Weekly Market Brief - 31/10/2022

Alpha Weekly Market Brief Cover PhotoThe Week Ahead: Fed, BoE rate decisions; US non-farm payrolls

A busy week of economic announcements lies ahead. The US Federal Reserve and the Bank of England are set to maintain the pace of their recent interest rate rises, then on Friday we’ll get the US jobs report for October. Meanwhile, BP and Rolls-Royce are among the big names due to report their latest results.

OUR TOP THREE EVENTS FOR 31 OCTOBER – 4 NOVEMBER:

Wednesday – US Federal Reserve interest rate decision

The Federal Reserve is expected to raise interest rates by 75 basis points (bps) for the fourth consecutive meeting. In September Fed chair Jay Powell said that the Federal Open Market Committee (FOMC) was “strongly committed” to driving inflation lower, signalling further rate rises, and added that there was no painless way to drive inflation lower. 

Core inflation is forecast to ease to 4.5% this year, before falling to 2.1% by 2025. We could see rates rise by at least 100 bps and perhaps by as much as 150 bps before the end of this year. The latter would lift the federal funds rate to a target range of 4.5% to 4.75%. 

The central bank has also downgraded its GDP growth target for this year to 0.2%, with Powell admitting that a recession might be possible. 

At the end of last month there was talk that some Fed officials were becoming uneasy about the pace of the current hiking cycle. That’s understandable, but apart from Fed vice chair Lael Brainard few Fed officials have spoken out. Even hawkish policymakers like Minneapolis Fed President Neel Kashkari have remained tight-lipped on the need for a pause or a pivot. Kashkari commented in October that the Fed would be in no position to ease the pace of rate rises if inflation was still rising. 

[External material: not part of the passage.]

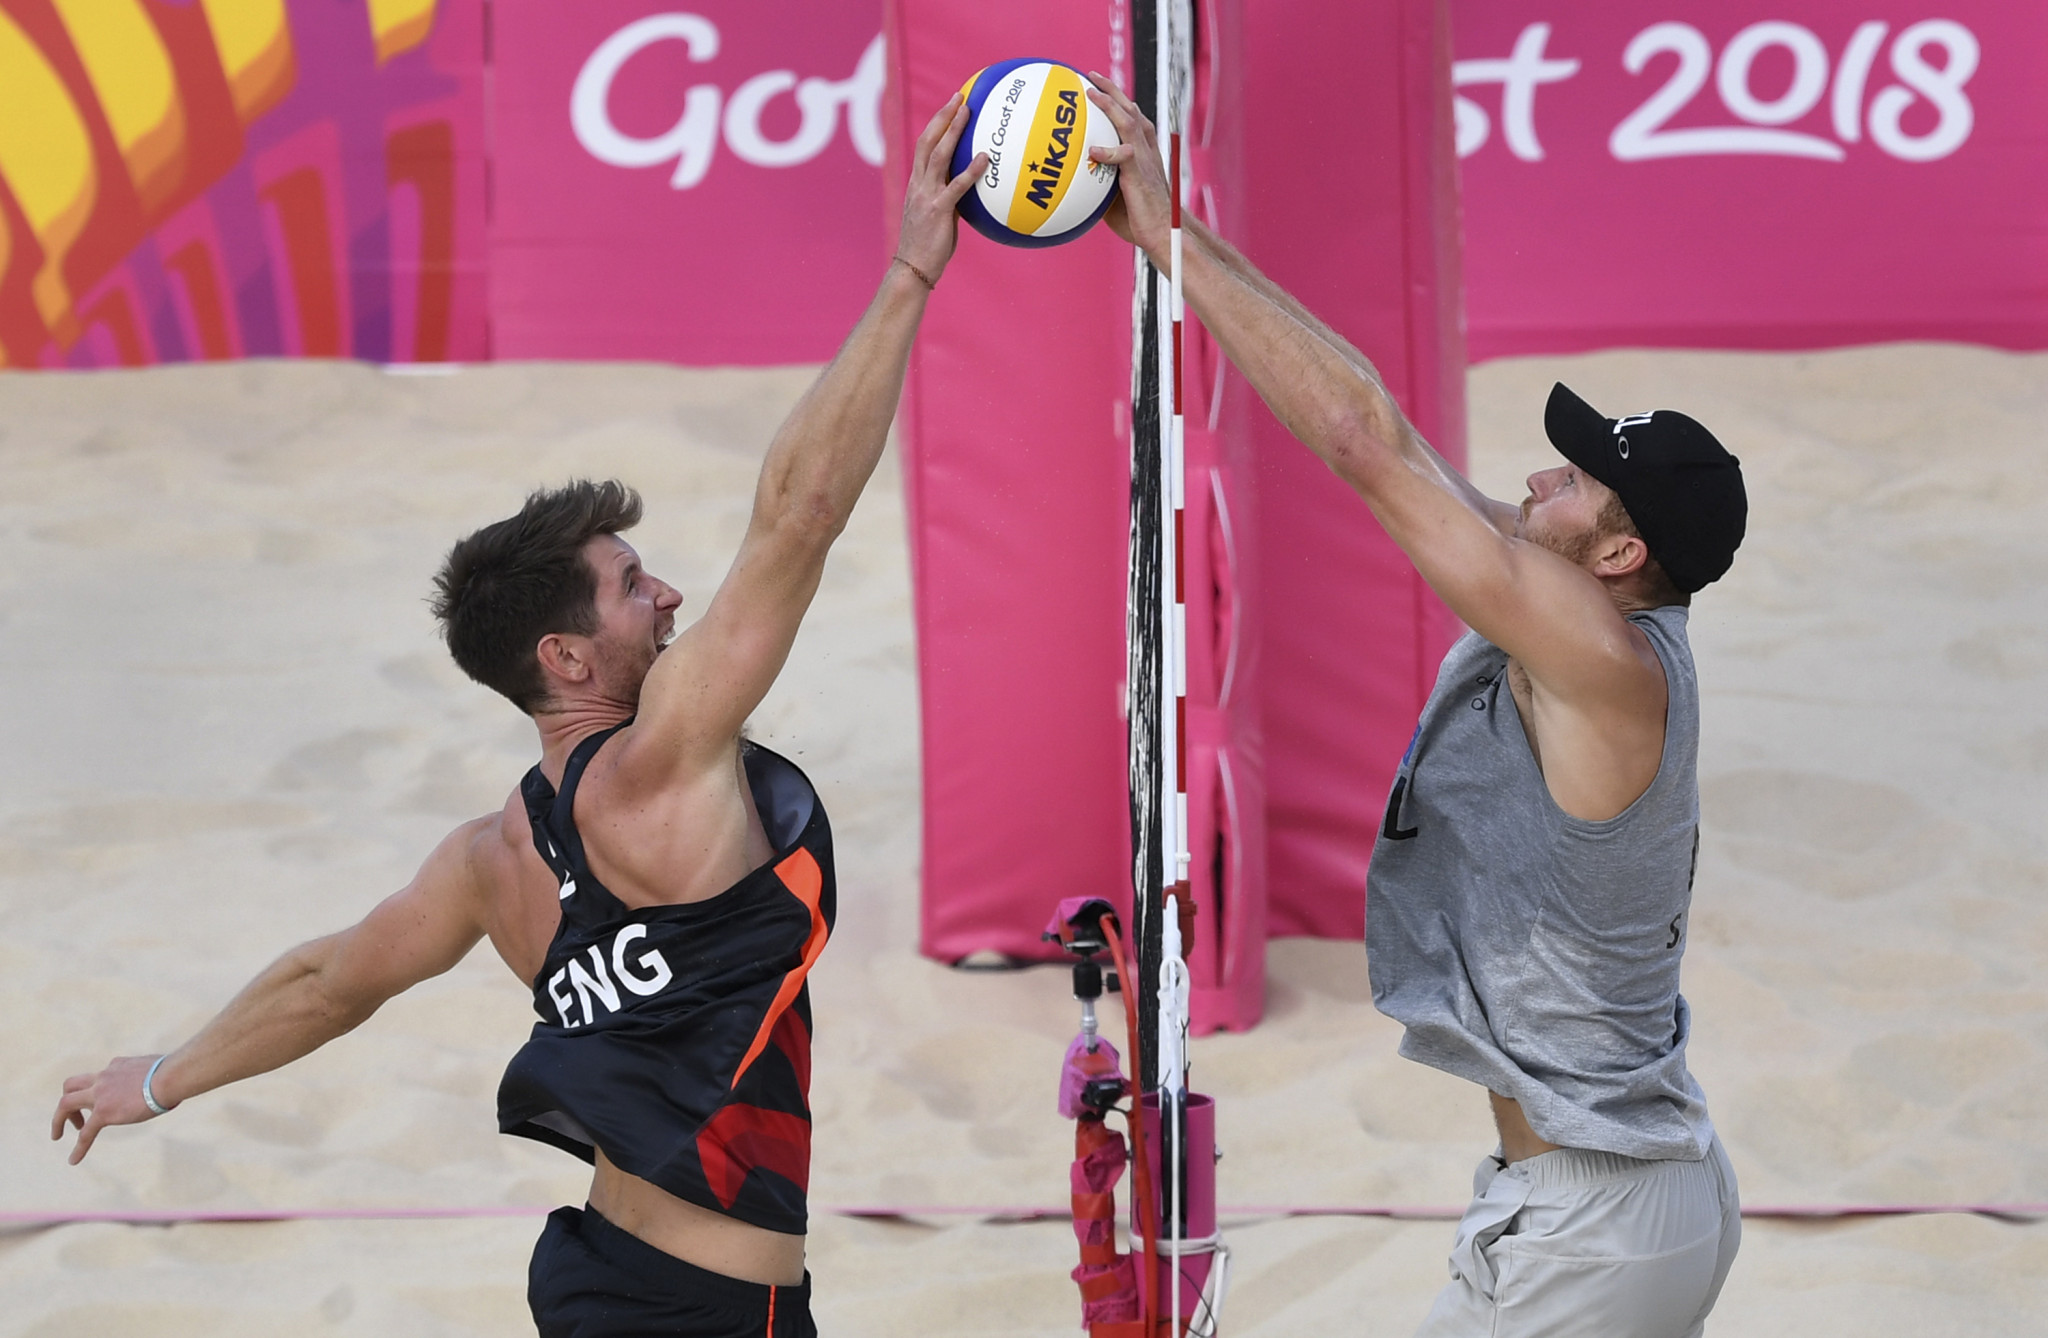 Birmingham 2022 beach volleyball could take place in city centre as organisers seek "iconic" location

That said, cracks may be starting to emerge in the wall of consensus. San Francisco Fed President Mary Daly has hinted that after November there could be discussions about slowing the pace of rate hikes. Powell’s post-meeting press conference is therefore likely to be crucial as observers monitor whether he comes across as hawkish as he did in September.

Thursday – Bank of England interest rate decision 

A weakened pound after weeks of political turmoil has had a negative impact on UK inflation. The pound’s fall against the dollar has raised import costs, while the markets’ rejection of ex-prime minister Liz Truss’ economic plan sent bond yields soaring, contributing to higher mortgage rates. The instability led ratings agencies such as Moody’s and Fitch to downgrade the UK’s economic outlook and credit rating. 

Now that some sense of calm has been restored, the big question is whether the Bank of England raises interest rates by 50 or 75 bps. With fiscal policy now set to be a lot tighter, the scope for the Bank of England to be more aggressive on monetary policy is limited due to concerns about the impact on demand. It seems a little bit late to worry about that now. The new Rishi Sunak-led government’s decision to reverse many of Truss’ proposed tax cuts could mean that any recession is likely to be prolonged, piling further pressure on the pound. All things considered, it seems more likely than not that the Bank of England will opt for a third successive rise of 50 bps.

The Bank also has to deliver its latest economic forecasts for inflation and GDP. Let’s hope they are more accurate than they have been so far this year.

Friday – US non-farm payrolls (October)

The US labour market has held up well despite concerns over slowing consumer spending and increased costs for businesses. Job losses, as reported in the latest round of corporate earnings updates, may soon work their way into the unemployment figures. But that hasn’t happened yet, with new jobless claims still at a very low 230,000 a week. 

The September payrolls data were decent. The US economy added 263,000 jobs last month, slightly above economists’ estimates of 250,000, but fewer than the 315,000 jobs created in August. Meanwhile, the unemployment rate fell to 3.5%, mainly because of a drop in the labour force participation rate, which fell to 62.3% from 62.4%. The participation rate remains a puzzle. Despite the rising cost of living, the rate is still 1% below pre-pandemic levels. The September jobs report also showed that wages grew 5% year-on-year, the lowest increase this year. 

For October, economists expect non-farm payroll growth to ease to 200,000 jobs, which would be the lowest number this year. The unemployment rate is forecast to tick back up to 3.6%.  

Overall, last week saw a strong ‘risk on’ theme across asset classes and there’s a strong case for a continuation of that theme this week with the key driver being a pivot to a looser monetary policy stance from the Fed.  Despite continued rate hikes expected this week, markets are forward looking and any forward guidance which suggest a slowing or end of the hiking cycle will result in aggressive ‘risk on’ positioning.